Records shown: Begin

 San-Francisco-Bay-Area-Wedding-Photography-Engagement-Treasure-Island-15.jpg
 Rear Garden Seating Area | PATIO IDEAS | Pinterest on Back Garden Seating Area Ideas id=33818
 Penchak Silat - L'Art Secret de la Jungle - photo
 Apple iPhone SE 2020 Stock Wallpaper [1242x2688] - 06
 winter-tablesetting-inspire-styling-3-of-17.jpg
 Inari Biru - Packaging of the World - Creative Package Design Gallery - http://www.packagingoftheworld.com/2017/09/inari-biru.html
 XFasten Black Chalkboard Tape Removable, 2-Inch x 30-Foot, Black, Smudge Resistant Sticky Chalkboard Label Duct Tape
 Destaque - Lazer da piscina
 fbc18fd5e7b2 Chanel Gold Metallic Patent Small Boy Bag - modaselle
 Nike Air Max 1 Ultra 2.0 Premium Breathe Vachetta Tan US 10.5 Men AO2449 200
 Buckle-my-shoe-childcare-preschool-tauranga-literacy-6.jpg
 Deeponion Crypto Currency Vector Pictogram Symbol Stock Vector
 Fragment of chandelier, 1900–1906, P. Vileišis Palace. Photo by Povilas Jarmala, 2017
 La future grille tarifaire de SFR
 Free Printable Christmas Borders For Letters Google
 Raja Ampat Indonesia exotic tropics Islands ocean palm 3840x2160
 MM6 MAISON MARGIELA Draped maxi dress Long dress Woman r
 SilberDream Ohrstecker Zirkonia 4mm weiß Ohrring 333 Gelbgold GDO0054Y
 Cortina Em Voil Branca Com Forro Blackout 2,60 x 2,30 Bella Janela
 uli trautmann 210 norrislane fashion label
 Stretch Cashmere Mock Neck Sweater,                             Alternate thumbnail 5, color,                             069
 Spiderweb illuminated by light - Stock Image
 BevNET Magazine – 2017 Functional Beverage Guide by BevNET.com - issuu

Records shown: End

Problem description
Every line above holding the string "Stock" should be listed.

Exercise answer
 Apple iPhone SE 2020 Stock Wallpaper [1242x2688] - 06
 Deeponion Crypto Currency Vector Pictogram Symbol Stock Vector
 Spiderweb illuminated by light - Stock Image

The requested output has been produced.